■ Work item ■
An exact copy of the listing below is required, minus its pictures.

■ Information supplied ■
——

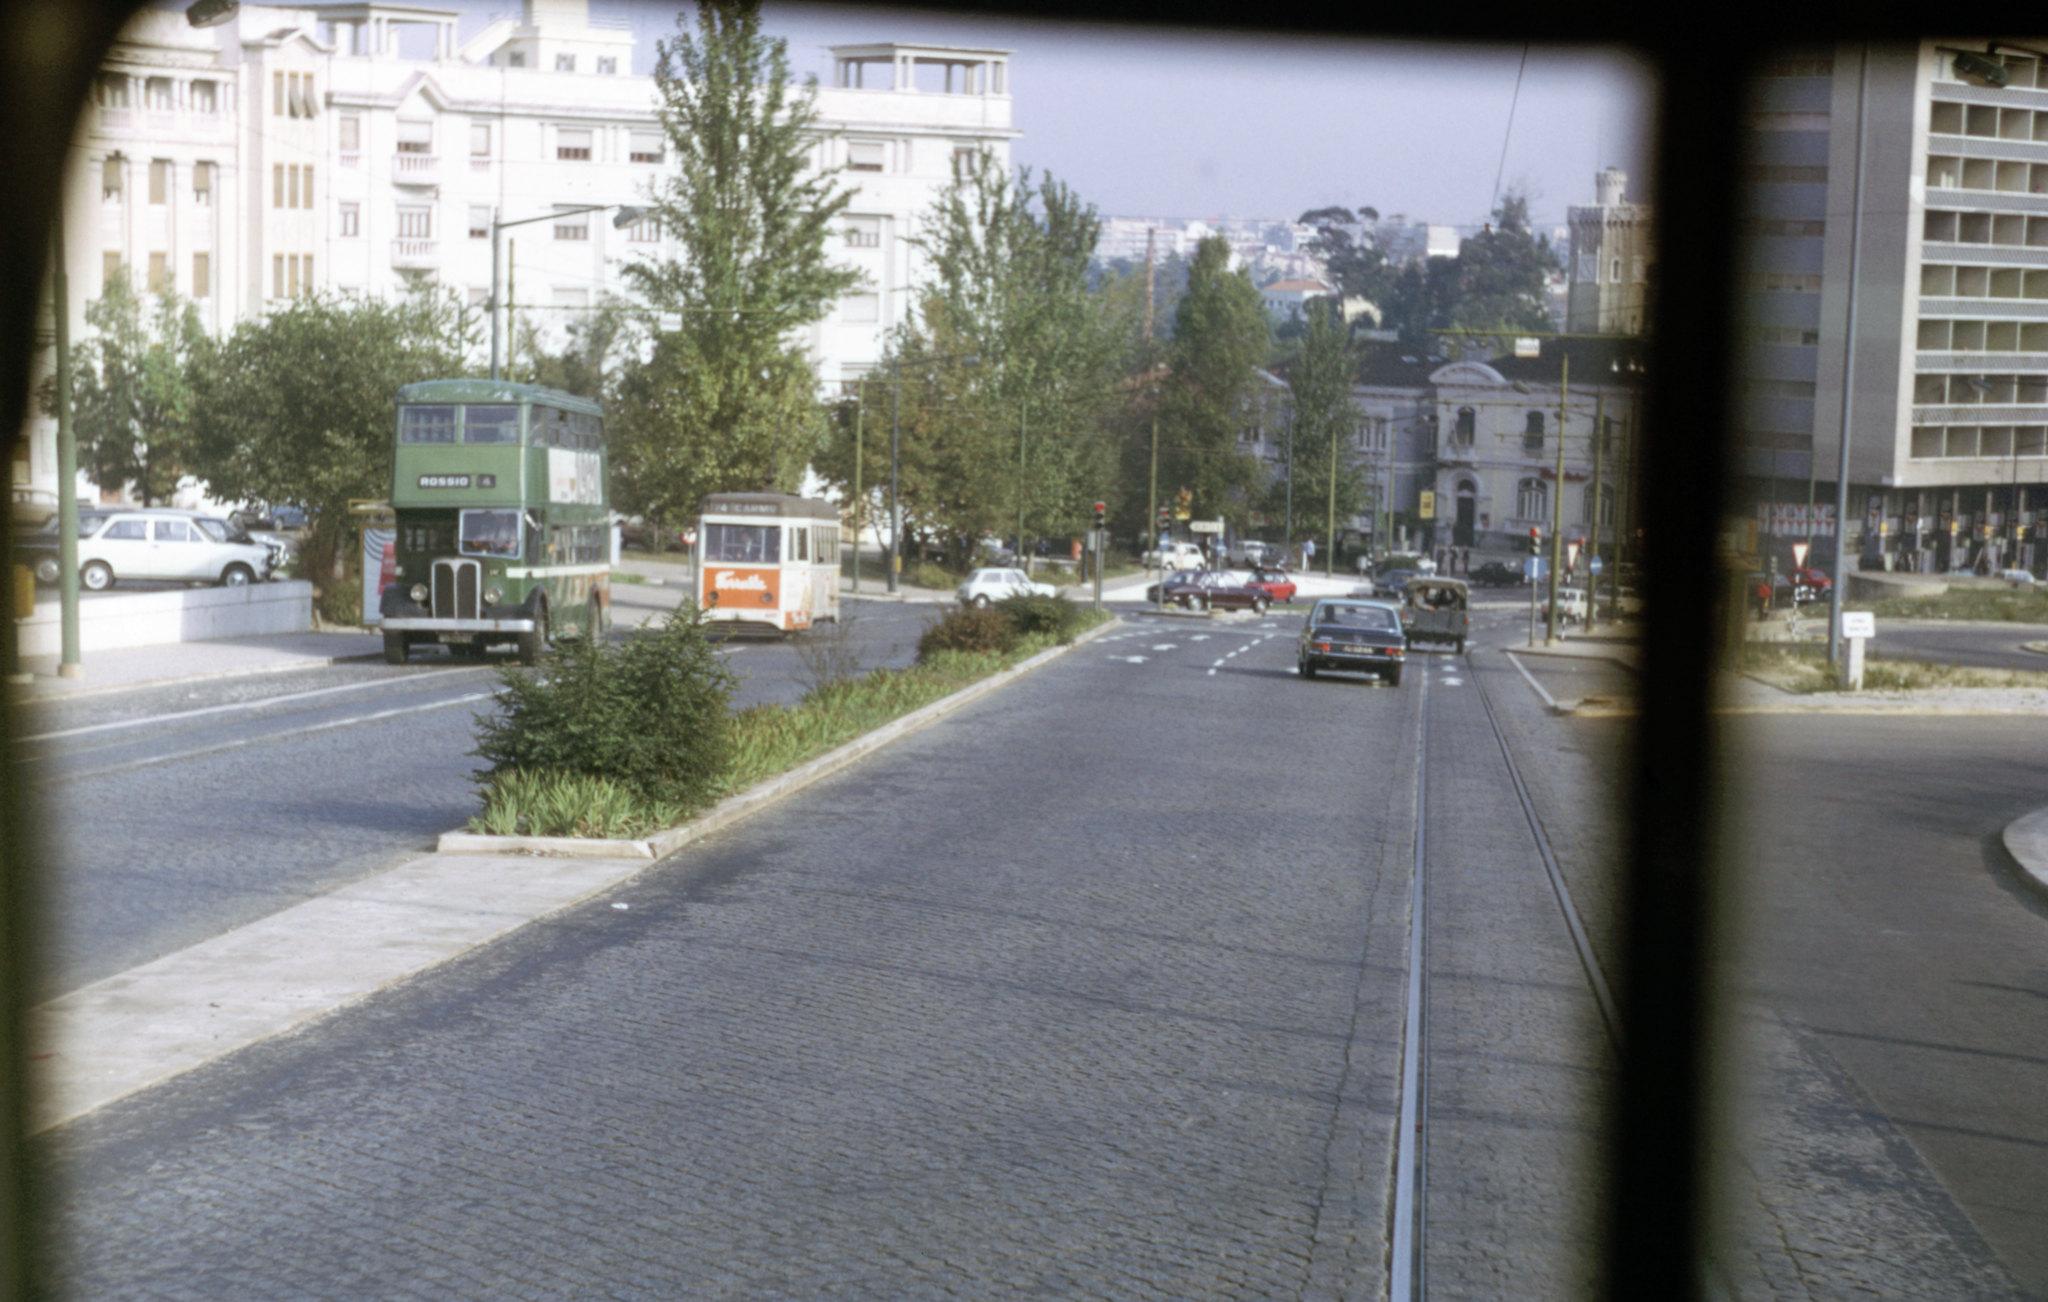 Vislumbre da Marquês de Fronteira, Lisboa (A. n/ id., c. 1980)
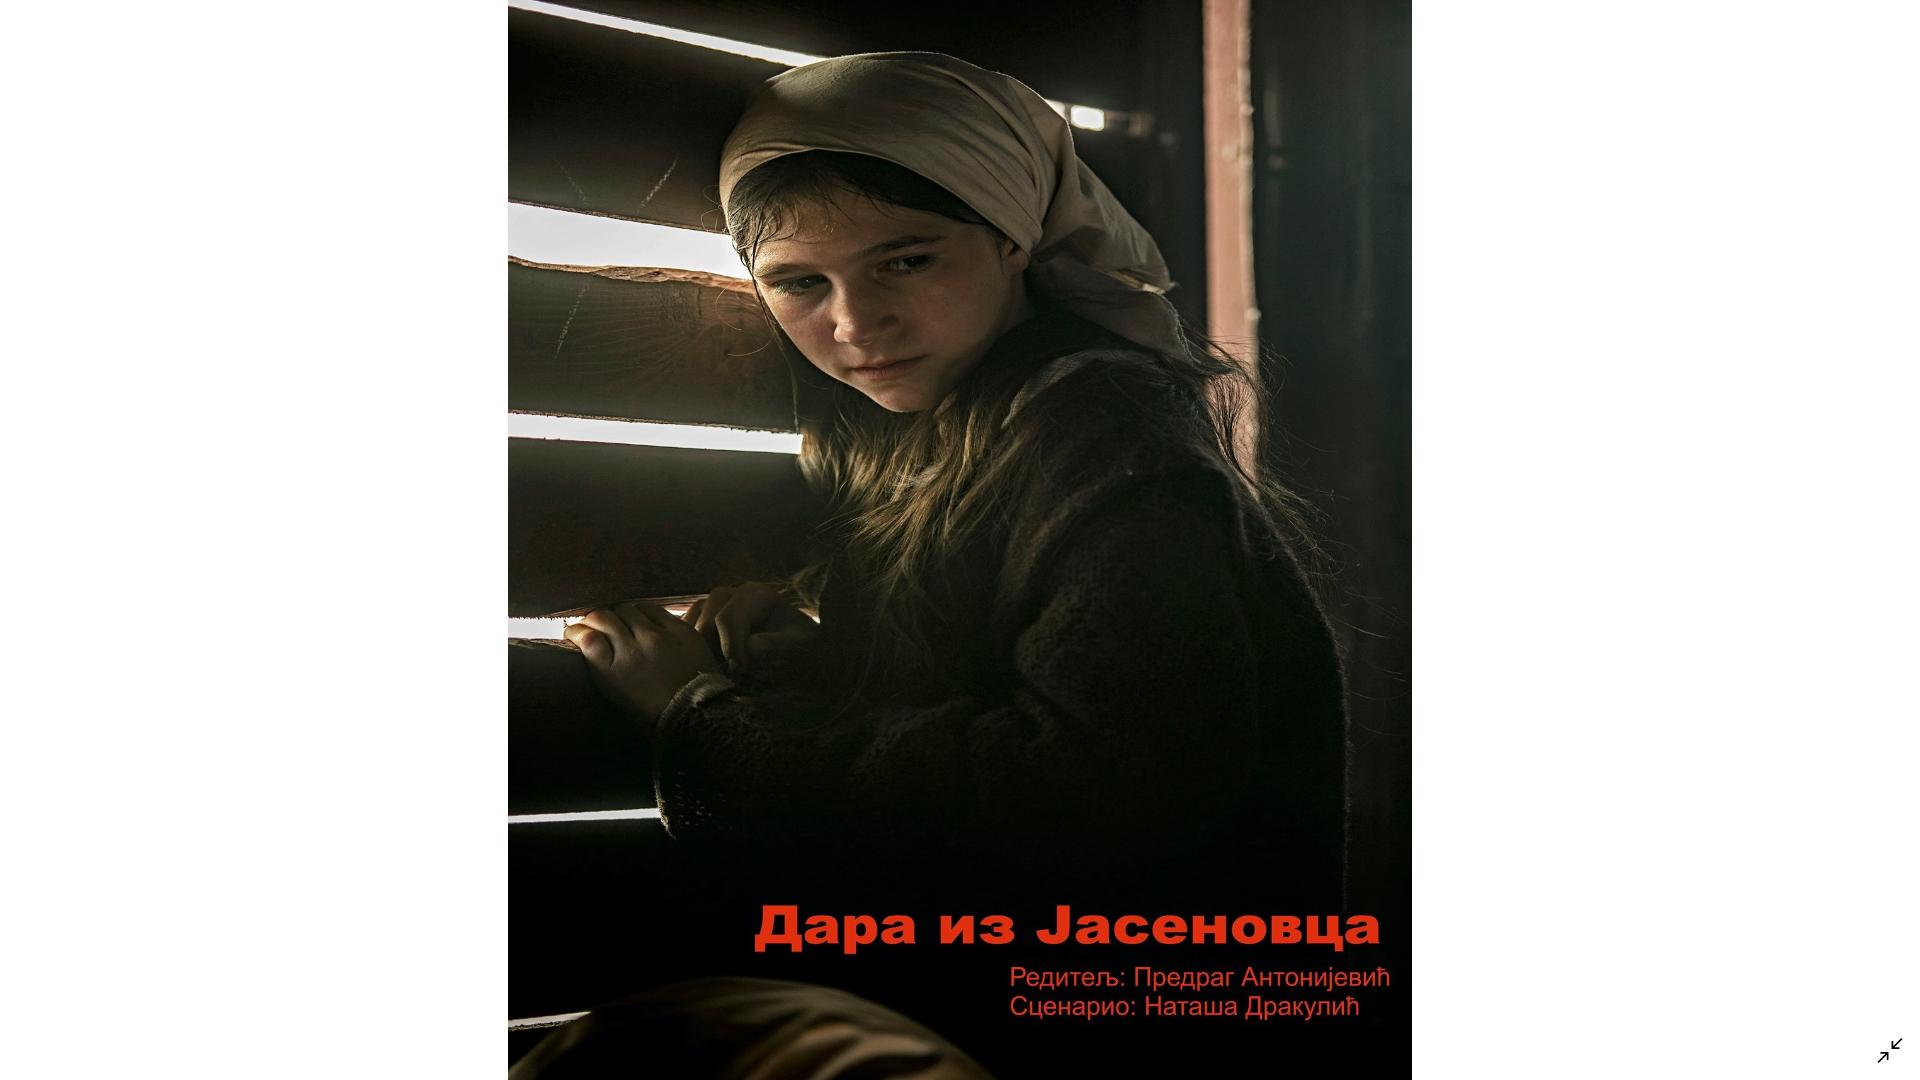 projekcije-filma-dara-iz-jasenovca-od-25-novembra-do-2-decembra-u-gracanici
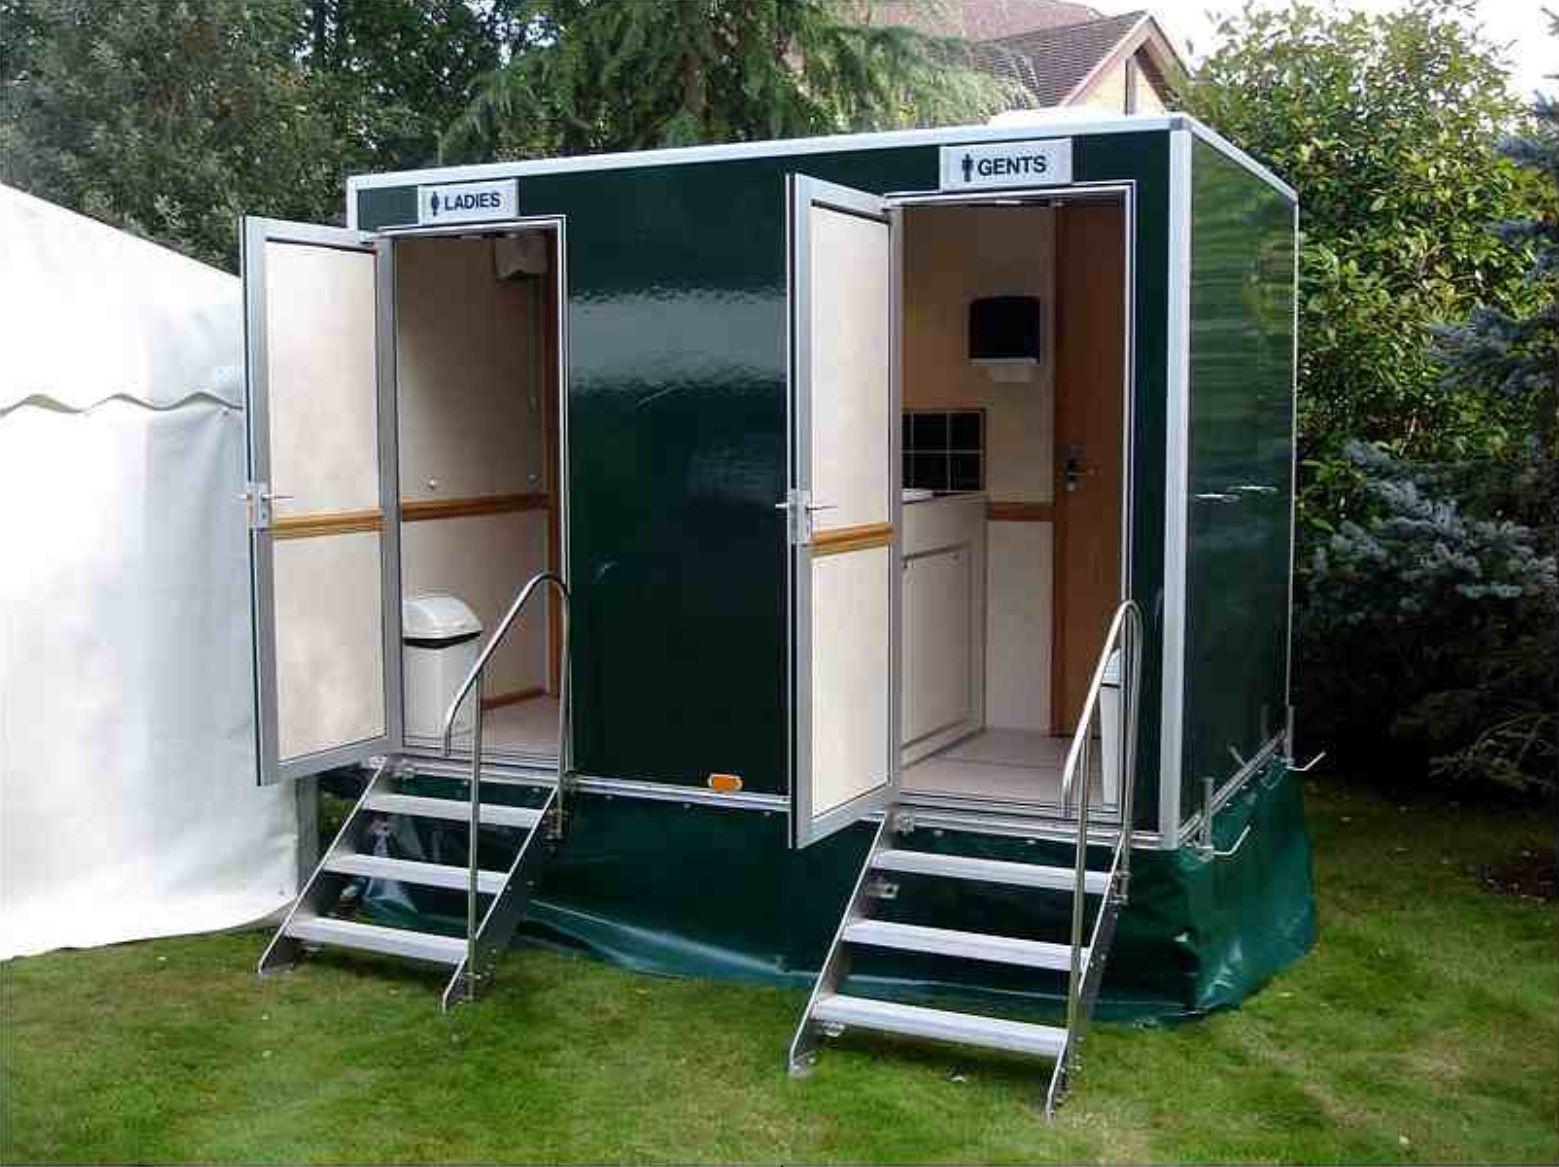 Porta potty for an outdoor wedding Portable toilet
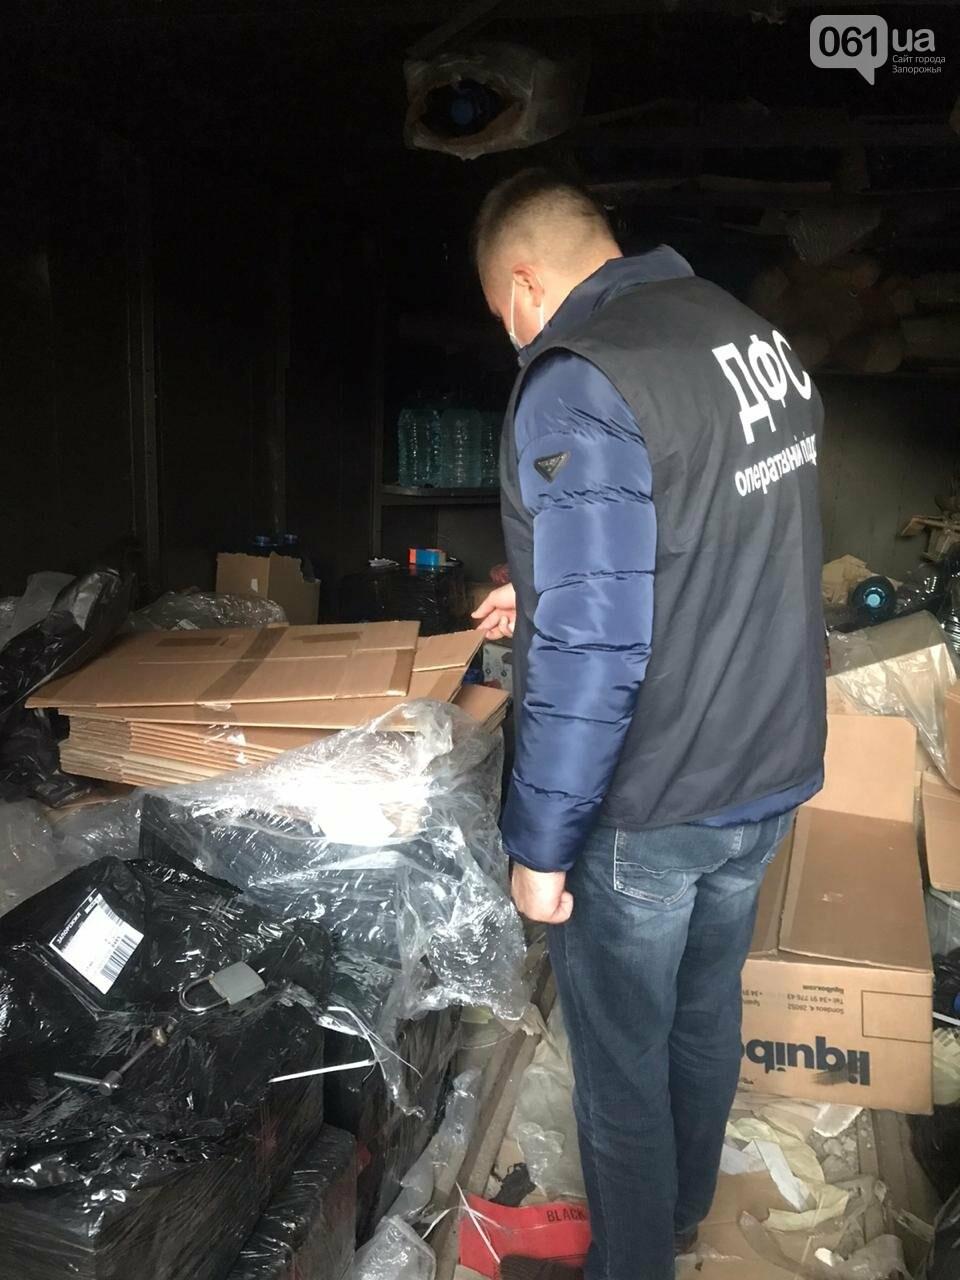 В Запорожской области обнаружили 2,5 тонны фальсифицированного алкоголя, фото-10

——

■ Problem solution ■
 Vislumbre da Marquês de Fronteira, Lisboa (A. n/ id., c. 1980)
 projekcije-filma-dara-iz-jasenovca-od-25-novembra-do-2-decembra-u-gracanici
 Porta potty for an outdoor wedding Portable toilet
 В Запорожской области обнаружили 2,5 тонны фальсифицированного алкоголя, фото-10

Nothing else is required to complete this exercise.